2011年5月18日

PhRMA ワクチン シンポジウム

5月17日に、米国研究製薬工業協会(PhRMA)主催の「日本の新しいワクチン政策の創出」シンポジウムに参加しました。昨年に続き2回目の参加です。

今回も、講演とその後のディスカッションがありました。
その内容を簡単にレポートします。

スタンレー・A・プロトキン博士
ペンシルバニア大学名誉教授、ジョンズ・ホプキンス大学非常勤教授
『米国ではどのように国民の予防接種を行っているか』

始めに日本語で、今回の震災についてのお見舞いの言葉を述べられました。
また日本のワクチン行政の改善に多大な貢献をされ、先日亡くなれた神谷齊先生への想いも話されました。

講演は、主に米国のワクチン行政の制度についてのお話でした。

製薬会社がワクチンを開発すると、まずFDAに生物学的製材申請(BLA)がFDAに提出されます。
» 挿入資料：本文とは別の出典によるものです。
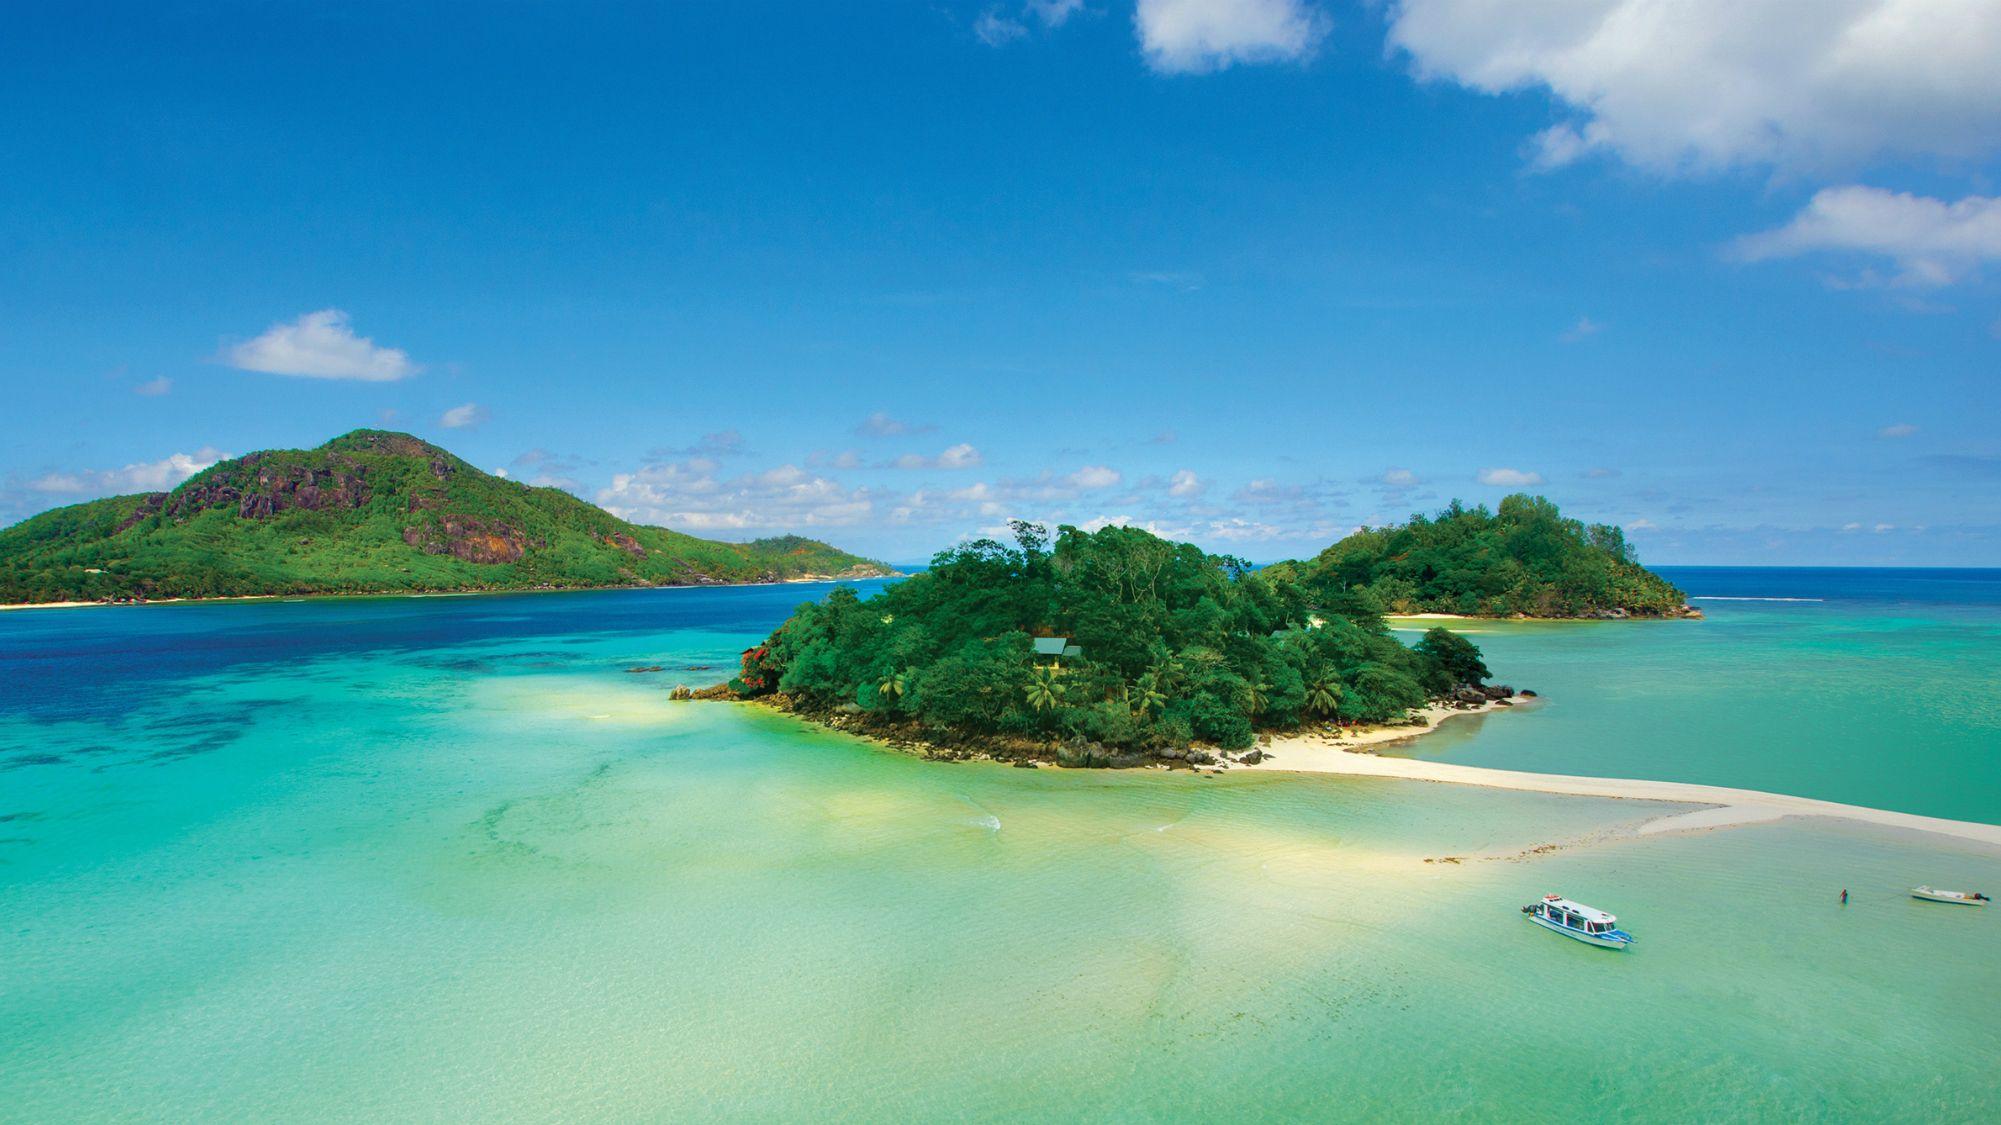 seychelles island tourism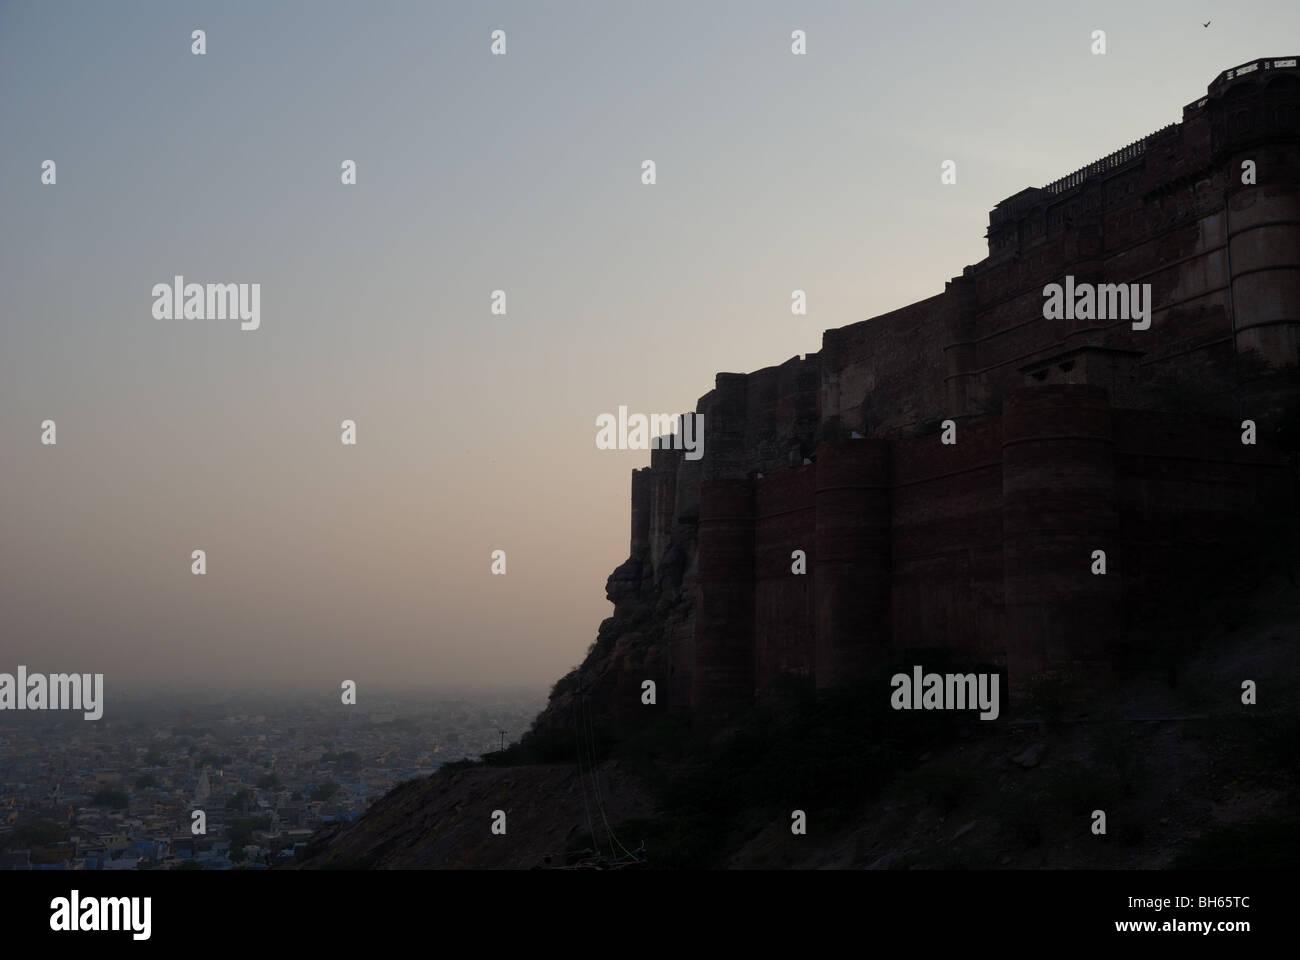 Silhouette of Mehrangarh Fort  with Jodhpur bellow. India. - Stock Image

で、それに対して「ワクチンならびに関連する生物製剤に関する諮問委員会(VRBPAC)が助言を行い、問題なければFDAが認可。その後に予防接種の実施に関する諮問委員会(ACIP)が助言し、CDCで検討され、米国小児科学会(AAP)および米国内科学会(ACP)が提言し、問題なければCDCの疫学週報(MMWR)において使用に関する勧告を発表します。
そして、健康保険(民間)またはメディケアによる保険適応など、VFC(Vaccine for Children)や317連邦補助金プログラム、州政府などによりワクチン接種の資金が提供されます。

ワクチン政策の決定過程には、ACIPが深く関わっているんですが、このACIPは、医療や公衆衛生の関係者はもちろん、児童福祉や一般市民など様々な利害を代表するメンバーで構成され、そのほかの機関・団体からも多くの代表が連絡担当メンバーとして出席していることが特徴です。
CDCからもスタッフが提供され、製薬業界はワクチンに関するデータを提供し、委員会で発言します。そして各作業グループが勧告の提言を行い、委員会で議決され、それが国のワクチン政策に直接反映されます。
なので、このACIPでの提言は信頼されており、議論はもちろん一般公開されています。
そして、国から「独立した」機関であることも特徴です。

どこかの国のように、政局や役人の異動などに左右されない、長期的な戦略に基づいてワクチン政策が提言され、ワクチン導入後もその効果や安全性のチェックが継続され、定期的に検討されます。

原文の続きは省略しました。